The earliest known information on the Kamianyi Brid Jewish community dates from the 1850s. The Zusmans' faience factory operated here since 1862. Three synagogues operated here for decades (including one, at the factory's territory, which was closed, to be transferred to the local club, in 1928). Local Jews were adherents of the Chernobyl chassidism.
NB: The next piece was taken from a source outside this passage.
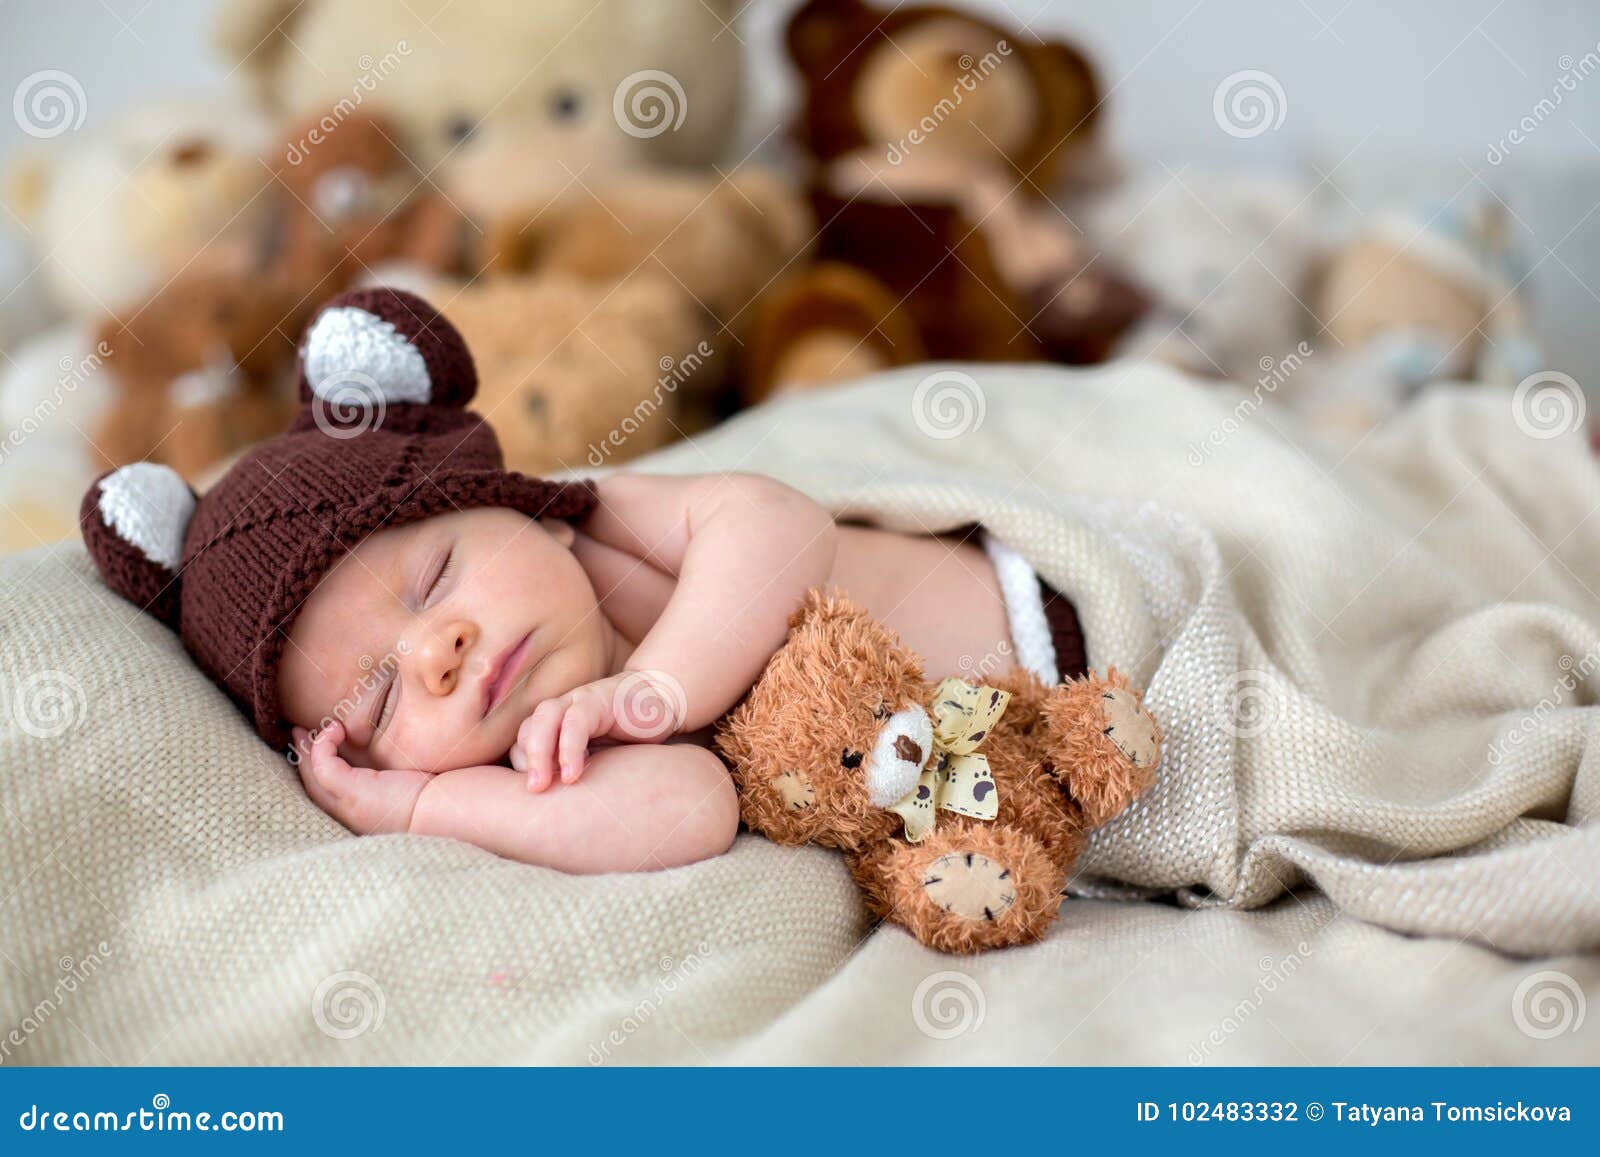 https://thumbs.dreamstime.com/z/peque%C3%B1o-beb%C3%A9-reci%C3%A9n-nacido-durmiendo-con-el-oso-de-peluche-en-casa-cama-102483332.jpg

Their last Rebbe (Tsadick, or leader) was Gersh-Leib (Zvi-Arie) Tverskiy Z”L, of Berdichev / Makarov (Chernobyl (Hasidic dynasty)). A.-F. Zusman, the owner of the Kamianyi Brid faience factory, also lived in Berdichev, not far from the Tsadik's residence. In 1919, there was a pogrom in Kamianyi Brid, which took lives of more than 200 Jewish men, including the local rabbi Shmuel Shvartzstein. The Jewish cemetery was founded here after pogrom as the burial place for its victims. Later this cemetery was used as the burial place for the Jews from the neighboring village of Dovbysch. The cemetery survived, however, the majority of gravestones have been destroyed, and inscriptions have become unreadable. The cemetery was divided into two parts: for males and for females. Until 1917, the local Bund's branch operated here. Nehemia Kiselgof, the head of a small local hospital, was one of outstanding personalities of this shtetl. He was the main organizer of working-class movement in the Kamianyi Brid. He was known in the workers' circle under a pseudonym “Naumov”. Also Haim-Lejzer Perelmuter son of Moishe-Bir Perelmiter, born in Baranivka, became a member of the Bund party and an active revolutionary (finally he became the chief of the first post-office of Kamianyi Brid). Presently, no Jews live in Kamianyi Brid, and the faience factory is not in operation. At the factory, the museum of Kamianyi Brid has been founded.

==Economy==
A porcelain factory was active in the settlement.